Origins and purchase by Count Andreani 
Pope Lucius's shrine had been designed by Tommaso Rodari, an architect influenced by Bramante's style in Lombardy, or by Bramante himself. Built in Lugano, Switzerland, from 1520 to 1542 as Anthony of Padua's chapel, it was annexed to a Franciscan monastery. It is clear that the building was initially located in the Swiss city as evidenced by Giulio Pocobelli's inscription of 1813 and by Lugano's depiction from the 17th century. After Napoleon's suppression of religious orders, in 1812 it was auctioned by the  of Canton Ticino, and bought by Natale Albertolli, a rich businessman who was the brother of architect Giocondo Albertolli. Impressed by the shrine's beauty, he managed to prevent its demolition by his brother Natale who had planned to use its materials. Albertolli owed his success to its purchase by Gian Mario Andreani (1760–1830), the brother Count Paolo Andreani, the first man in Italy to fly a balloon. He asked Albertolli to "bring" the church close to the Villa in Moncucco.

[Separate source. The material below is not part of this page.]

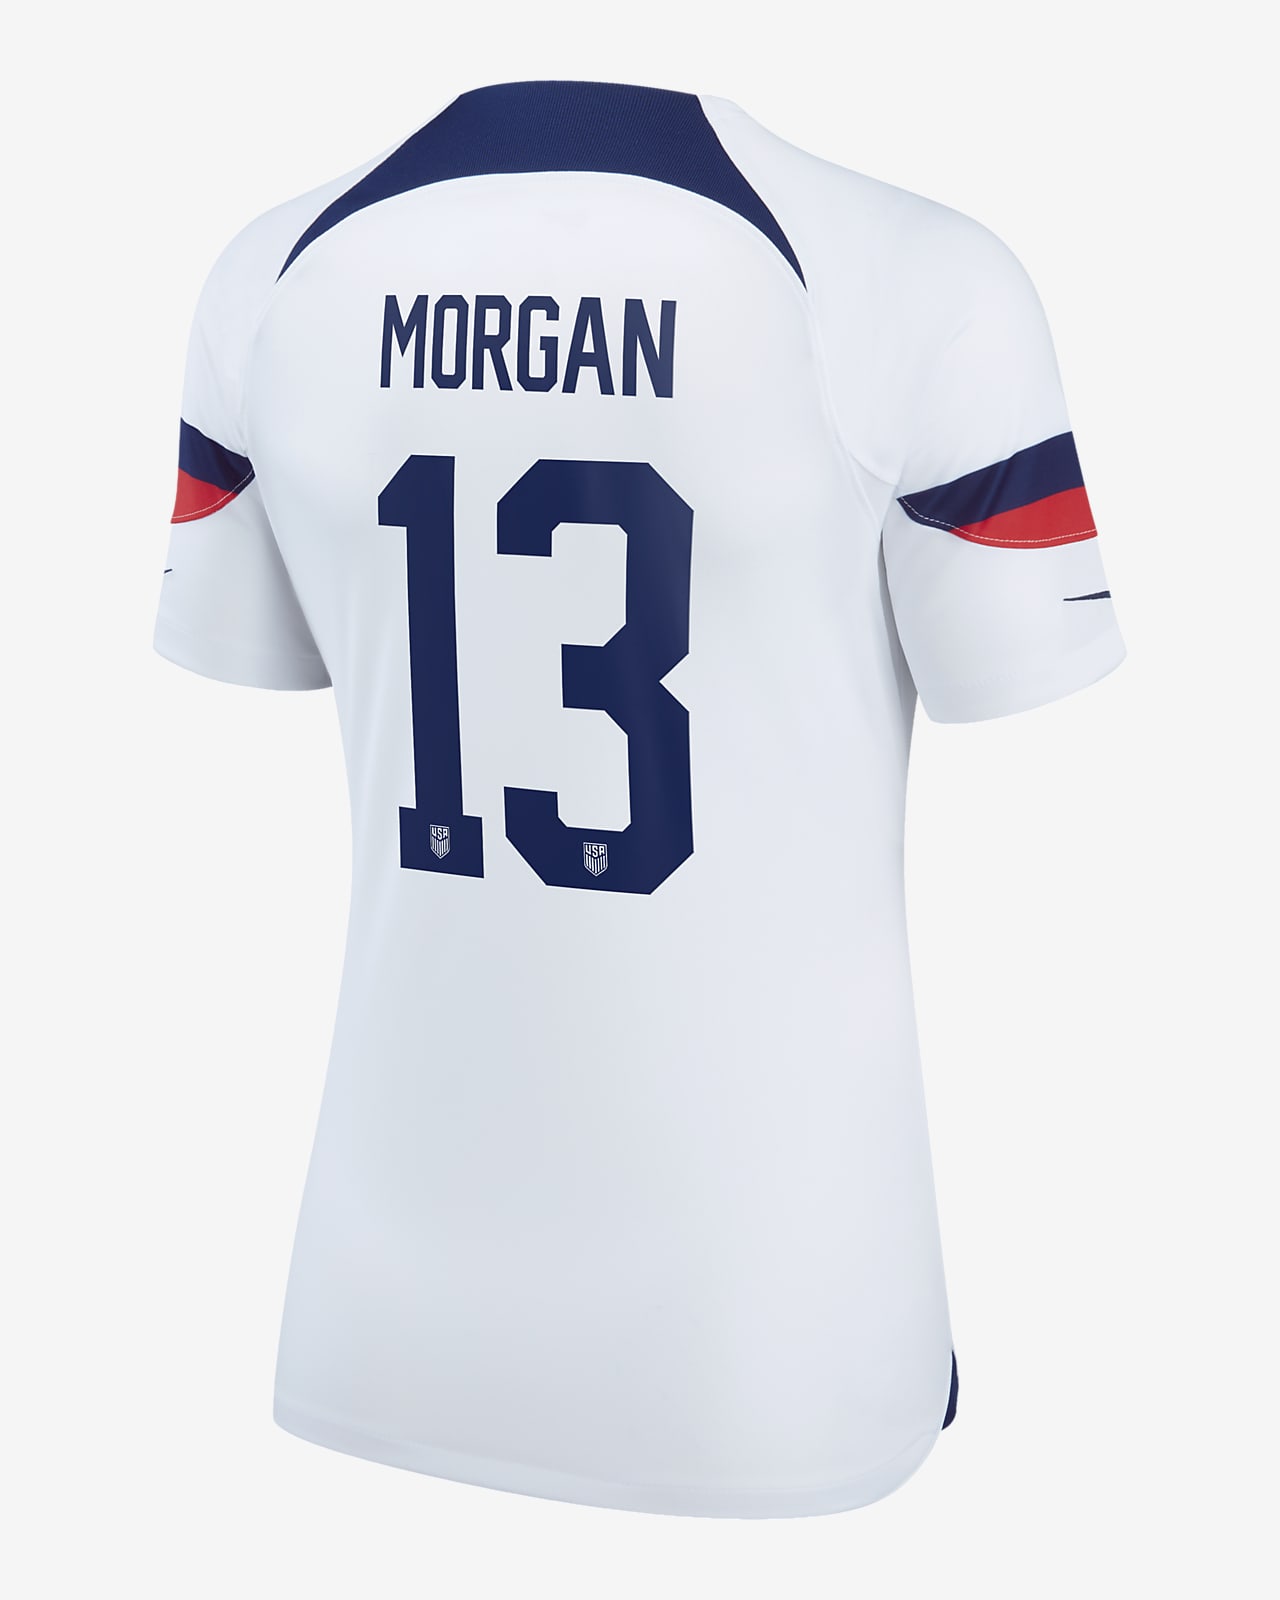 Camiseta Morgan Mujer

Giocondo Albertolli and reconstruction 
In order to transport the chapel from Lugano to Moncucco, Albertolli developed an extremely risky and laborious plan. He first disassembled it, then he rebuilt it near count Gian Mario's Villa Sormani. After it had been dismantled, he had the pieces shipped over Lake Lugano and then transported by land to Como. The pieces travelled over ten kilometers through the Naviglio della Martesana arriving at the river port of "Mattalino Bridge", where they were unloaded near Count Andreani's property. The work took 17 years, from 1815–16  until after 1832. The chapel, once dedicated to Anthony of Padua, now that it was by detached from the monastery, it was called the "little church of Moncucco" which was dedicated to Saint Lucius.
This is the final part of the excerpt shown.